州牧一边说,一边痛哭了起来。薛定不得不佩服这老东西的演技。说实话,要不是看到这货涕泪横飞,薛定肯定还会再给他来一脚。
“你说你纳十位小妾是掩人耳目?这话特么你信?那今晚这两位也是掩人耳目?老东西,你的话老子信两成都有余了!”薛定指着州牧的鼻子骂道。
“这个…正所谓窈窕淑女,君子好逑…”
“君子?你王八蛋敢说自己是君子?师太,拿剑来!”
说罢,薛定便伸出手,但他没想到那圣女居然真把剑给他递了过去。
“算了…这剑我用得不太习惯…宰畜生要用杀猪刀,别脏了你这把宝剑。”
圣女冲着薛定翻了一个白眼,又把剑给收了回来。
其实薛定是真的想把这州牧给砍了,免得这货留在世上祸害人间。但他明白,活人还是比死人更有价值的。再说了,像这种王八蛋,现在整个晋国恐怕数也数不过来,他又能杀多少?
“这位英雄,小人虽然是纳了十位小妾,但小人并没有亏待她们,只要她们乖乖听话,老夫从…”
州牧说到这里,忽然发现自己圆不下去,于是连忙朝的自己的老脸刮了几个大耳光。
“啪…啪…啪…”
听到这里,薛定也知道了前因后果,这老东西说了那么多,肯定掺了不止半桶水,不过他有一句却是真的。
想把那些流民永远留在河西的,是当朝的天子。所以就算是他不动手,那些流民也注定了过不了河。
他推测,那些不肯放下武器和战马过河的,应该就是洛云她们。就是不知道大家现在的情况如何,如今又身处何地。
虽然她们都是一群女人,但那些娘们可不是什么傻白甜。这一路走来,她们也经历了那些风风雨雨,早已经脱胎换骨。
不过这也算是不幸中的万幸,至少他的女人还活着。虽然他也很同情那些冤死的平民,但在这乱世之下,谁又能保证自己就一定能活下去?
“那…十二年前,漠北小村庄的又是什么情况?”
薛定忽然想了起来,这老东西似乎还有其它恶行。既然都问了那么多,他也不在乎多花这点时间了。
“呃…这个…说来话长!”州牧咽了一口唾沫,说道。
“好了,此事我已了解,你也不必多问!”州牧刚想从实招来,却被圣女打断了。
“啊?你不是要了解情况吗?怎么不接着问了?这王八蛋虽然说该死,但好在听话。既然来都来了,那干嘛不了解一番?”

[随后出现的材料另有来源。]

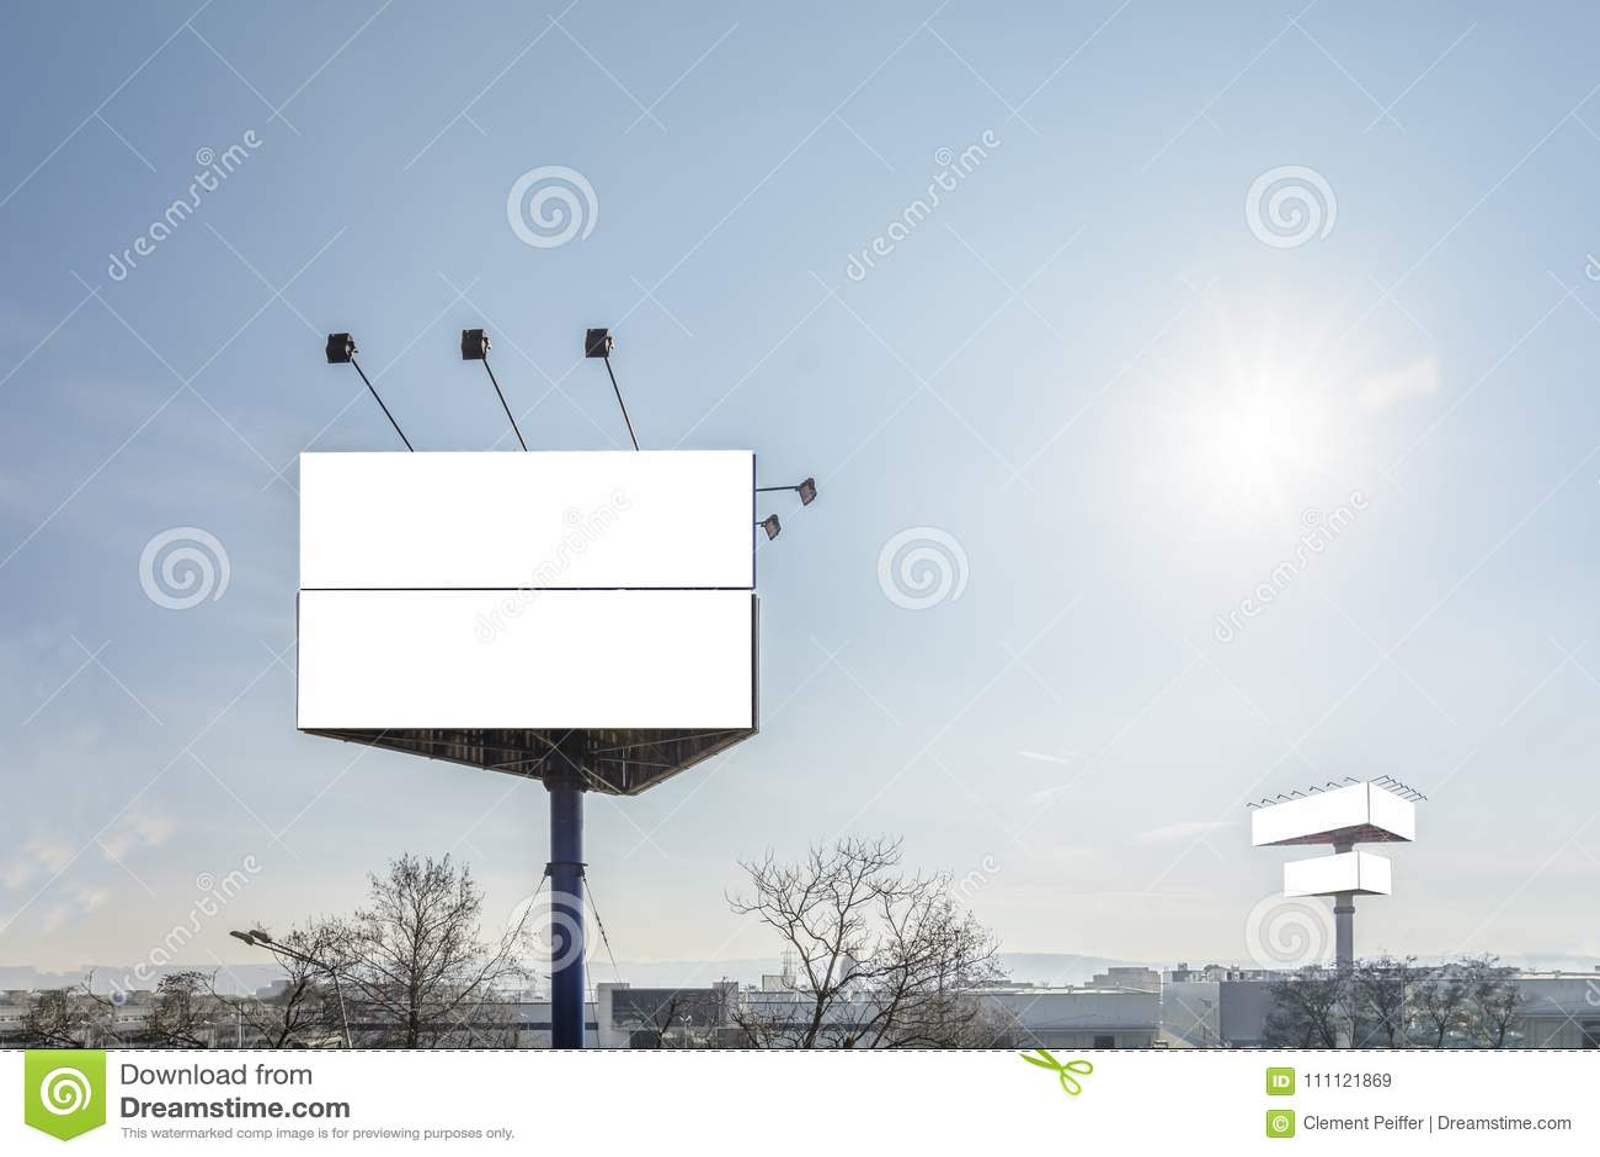 Triangle billboard
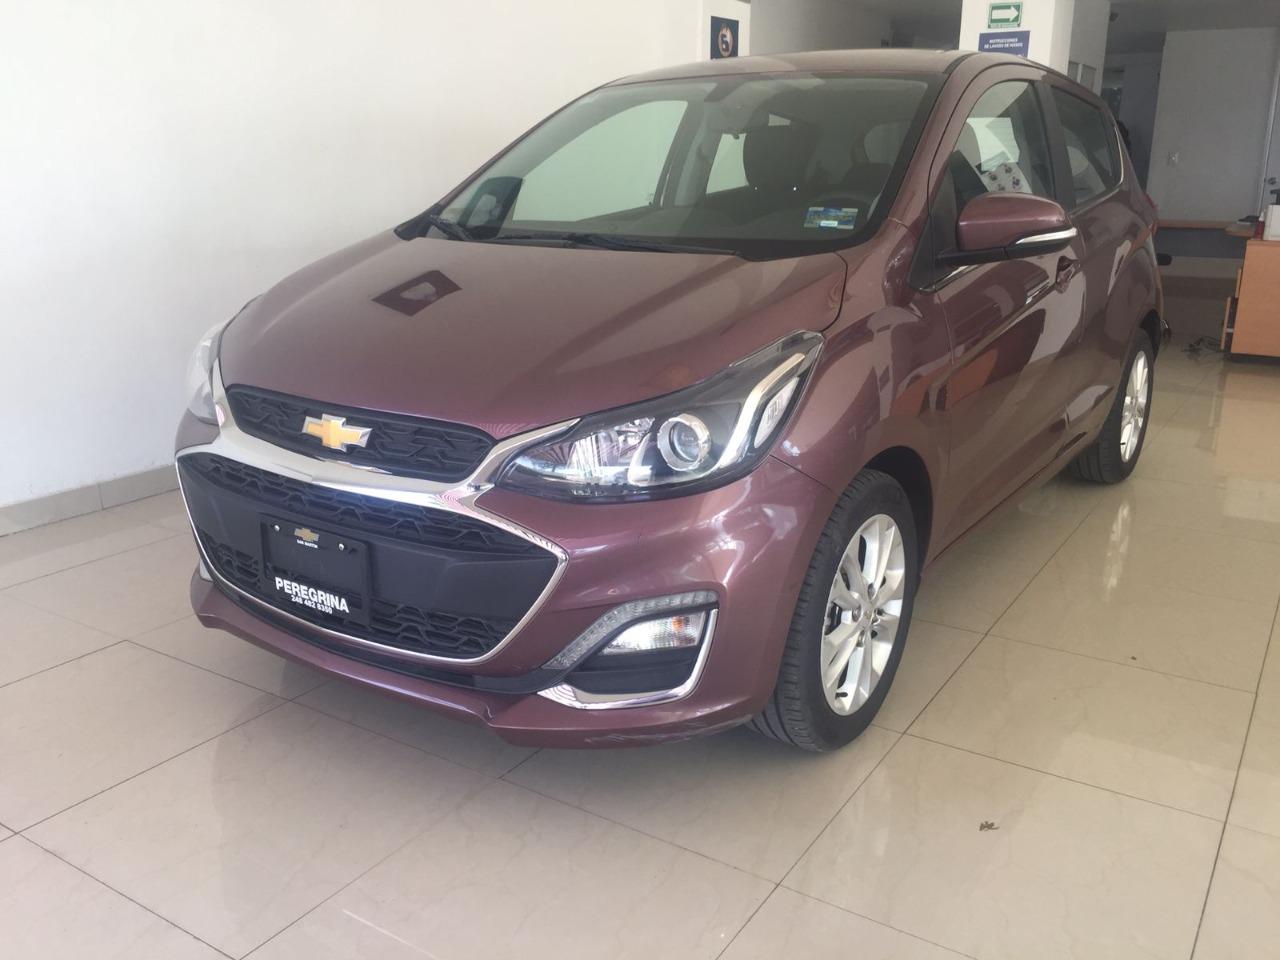 Chevrolet Spark NG 2019 EN VENTA

薛定有些不明所以,不过他猜测这件事应该和那些什么所谓的血灵有关。毕竟他从青慕那知道,有人一直在猎杀他们这些o型血的人。
薛定虽然不知道这些人到底是怎么换血的,但他们抓到这些o型血的人,确实是可以为他们输血。
“难道…”
薛定恍然大悟,他现在才反应过来,难道说这神秘的女子和青慕是同一类人?那这样就说得过去了!
薛定听她说,想了解的事情与她父母有关,那就是说,她的父母很可能也遭受了毒手。虽然她最终逃了出来,但心灵却受到了创伤,所以她才会那么冷漠,难以合群。
“那好吧…这两位女子,你打算如何处置?”
薛定知道圣女有难言之隐,所以他也十分识趣,转而问起了今晚这两个被送来的女子。
“本…小人今晚就派人送她们回去…还有,小人以后绝对不再欺凌良家女子!”州牧连忙挺起那大肚腩,信誓旦旦道。
“就这样?我觉得我还是给你一个痛快算了,免得你以后死无全尸!”薛定说着,便捡起了地上的瓶罐看了一下。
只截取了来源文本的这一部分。